Defining the top five can be difficult. Many folks have attempted to this recently. See the Research & Notes section at the end of this article for reference.

In mid-August, I told my followers on Twitter that I was writing this article. I asked for good/bad stories about NoSQL databases and received a number of options people wanted me to include.

I received many suggestions, listed in alphabetical order below:

  1. ArangoDB
  2. Cassandra
  3. Couchbase
  4. DynamoDB
  5. FaunaDB
  6. Hazelcast
  7. MongoDB
  8. Neo4j
  9. PostgreSQL JSON
  10. Redis
  11. (JetBrains) Xodus

People also mentioned Hibernate OGM (JPA for NoSQL) and NoSQLUnit as tools to help access and test NoSQL databases.

Note that I didn’t receive any requests for CouchDB, HBase, Elasticsearch, or Solr. CouchDB and Couchbase are often confused because of similar names, but they’re quite different. Since CouchDB is a document store, I included it in my rankings. I also added HBase since it is mentioned by ITBusinessEdge, KDnuggets, and DB-Engines (in Research & Notes section). I didn’t include Elasticsearch or Solr because I believe those aren’t often used as the primary data store.
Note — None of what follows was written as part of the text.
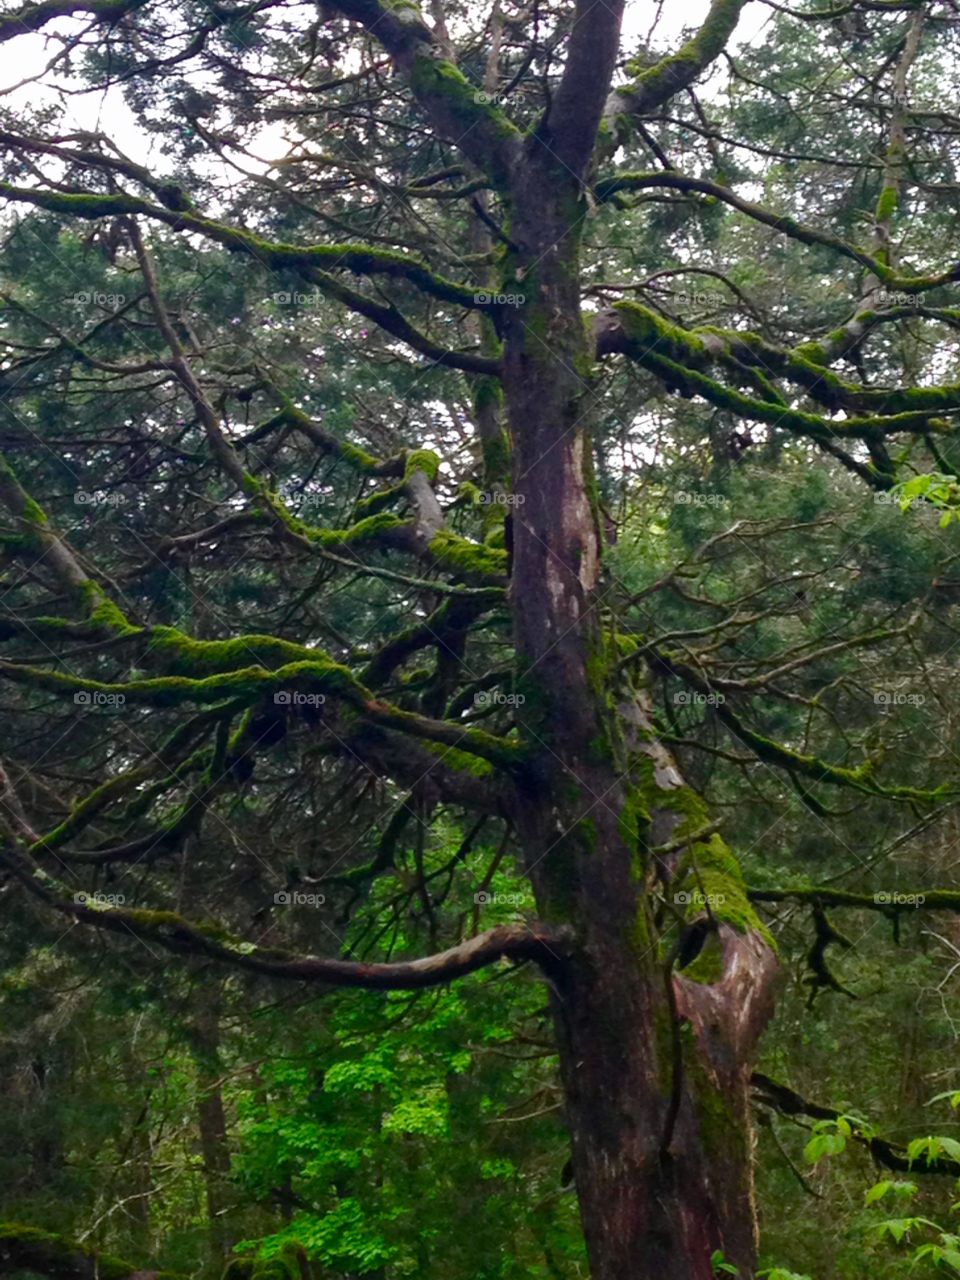 Mossy cedar tree

Raible’s Ranking Technique

I used Indeed Jobs, GitHub Stars, Stack Overflow tags, and Docker pulls to develop my system of ranking the top five NoSQL databases.

Indeed Jobs

I searched on Indeed Jobs without a location and found very few surprises, save for Amazon’s DynamoDB showing up as a top contender.
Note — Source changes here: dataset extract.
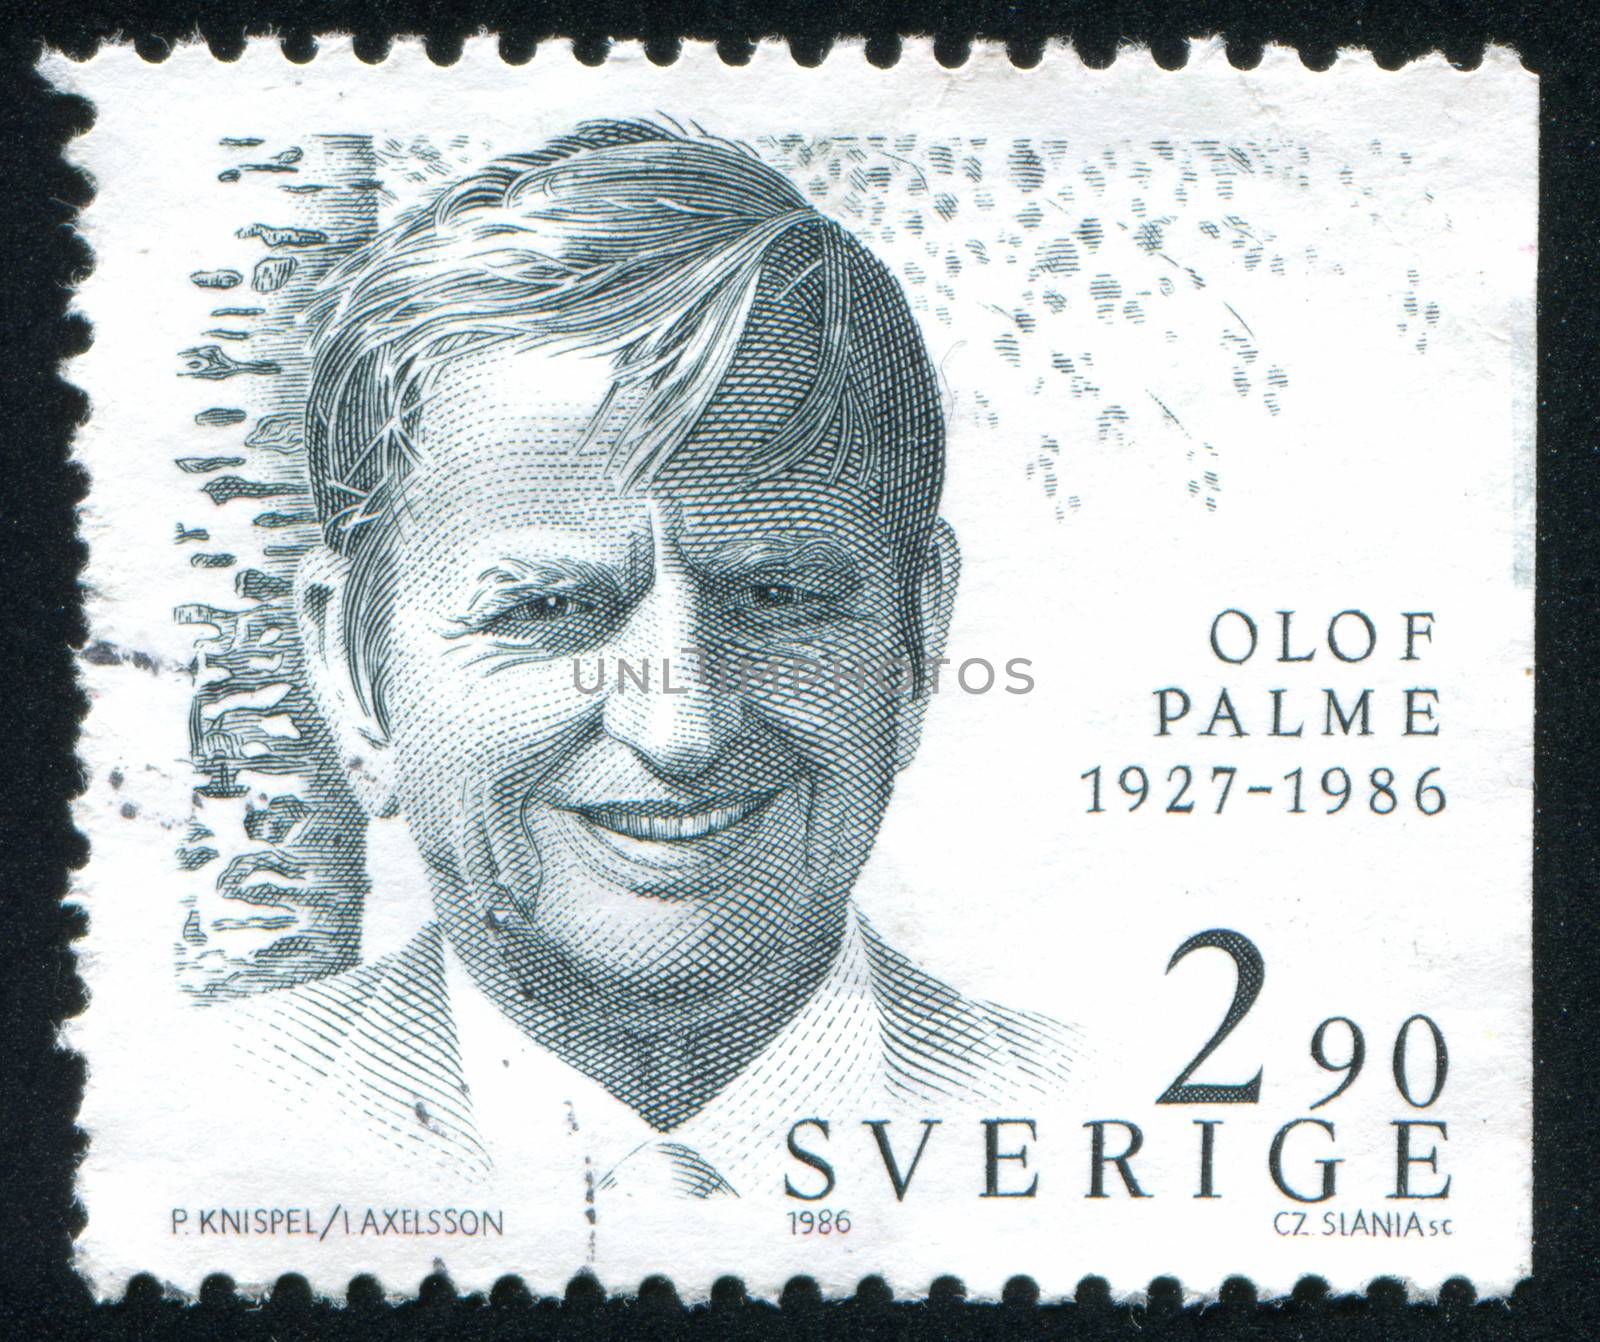 SWEDEN - CIRCA 1986: stamp printed by Sweden, shows Olof Palme, Prime Minister, circa 1986

Indeed Jobs, September 2017

NOTE: It’s difficult to search for “PostgreSQL JSON” because most listings specify “PostgreSQL” as a requirement, not its NoSQL support. I searched for “postgres + json”. Xodus is the name of a company, so I had to tack on “JetBrains” to ensure accurate results.

GitHub Stars

I searched and found the top five NoSQL options by GitHub stars are Redis, MongoDB, ArangoDB, Neo4j, and Cassandra.

GitHub Stars, September 2017

NOTE: Cassandra, HBase, PostgreSQL are mirrored repositories. DynamoDB, Couchbase, and FaunaDB don’t have their servers on GitHub, so I counted stars for their Java-based drivers. Using number of stars for each option’s Java driver is a good idea, but there’s 11 just for Redis.
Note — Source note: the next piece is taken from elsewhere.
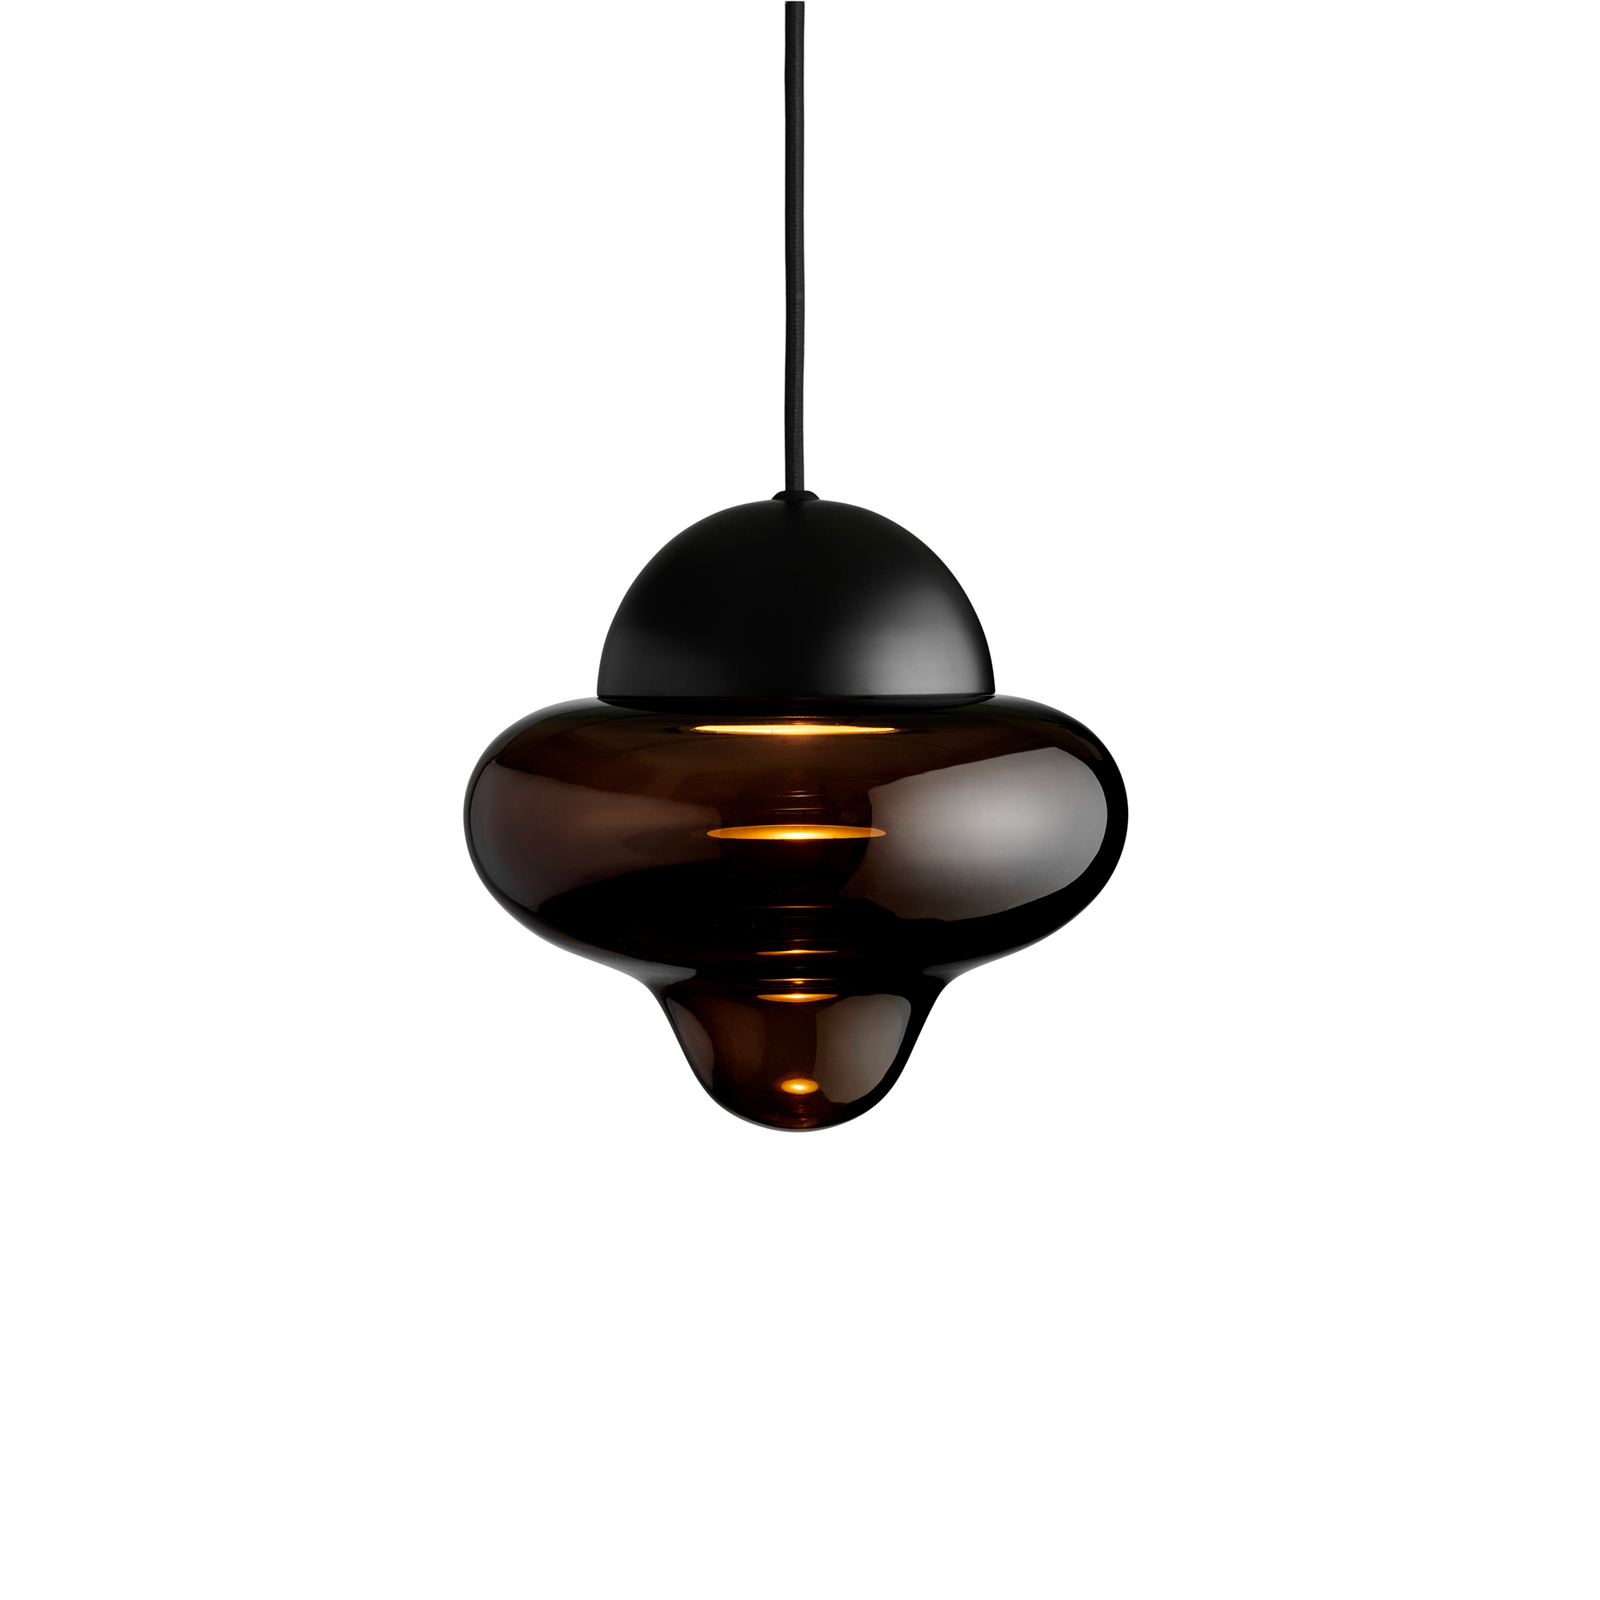 Nootachtige LED hanglamp, bruin / zwart, Ø 18,5 cm, glas

You can use Tim Qian’s star-history project to see the star growth of these five.

GitHub Star History

Stack Overflow Tags

I searched on Stack Overflow for tags for each and found that MongoDB and PostgreSQL are the most popular, followed by Neo4j, Cassandra, and Redis.

Stack Overflow Tags, September 2017

Docker Pulls

I searched on Docker Hub for images and found the stats to be 10M+ for a few, 5M+ for Neo4j, and 1M+ for many others. FaunaDB and JetBrains Xodus don’t seem to have images available.

Docker Pulls, September 2017

After gathering this information, it didn’t seem very relevant to include these stats in my ranking. My reason is two-fold: because the numbers aren’t exact and because there weren’t “official” images for each option.

NoSQL Options Matrix

I created a matrix to combine jobs, stars, and tags. I awarded 1-5 points based on the ranking they scored in each category. If an option didn’t make the top five, it received a zero. The results – MongoDB, Redis, Cassandra, Neo4j, and PostgreSQL – are in the table below.

NoSQL Option Jobs Stars Tags Total
MongoDB 5 4 5 14
Redis 3 5 1 9
Cassandra 4 1 2 7
Neo4j 0 2 3 5
PostgreSQL 0 0 4 4
ArangoDB 0 3 0 3
HBase 2 0 0 2
DynamoDB 1 0 0 1
Couchbase 1 0 0 1
CouchDB 0 0 0 0
Hazelcast 0 0 0 0
JetBrains Xodus 0 0 0 0
FaunaDB 0 0 0 0

If you look at DB-Engines Ranking for their top five options, you’ll find PostgreSQL, MongoDB, Cassandra, Redis, and HBase.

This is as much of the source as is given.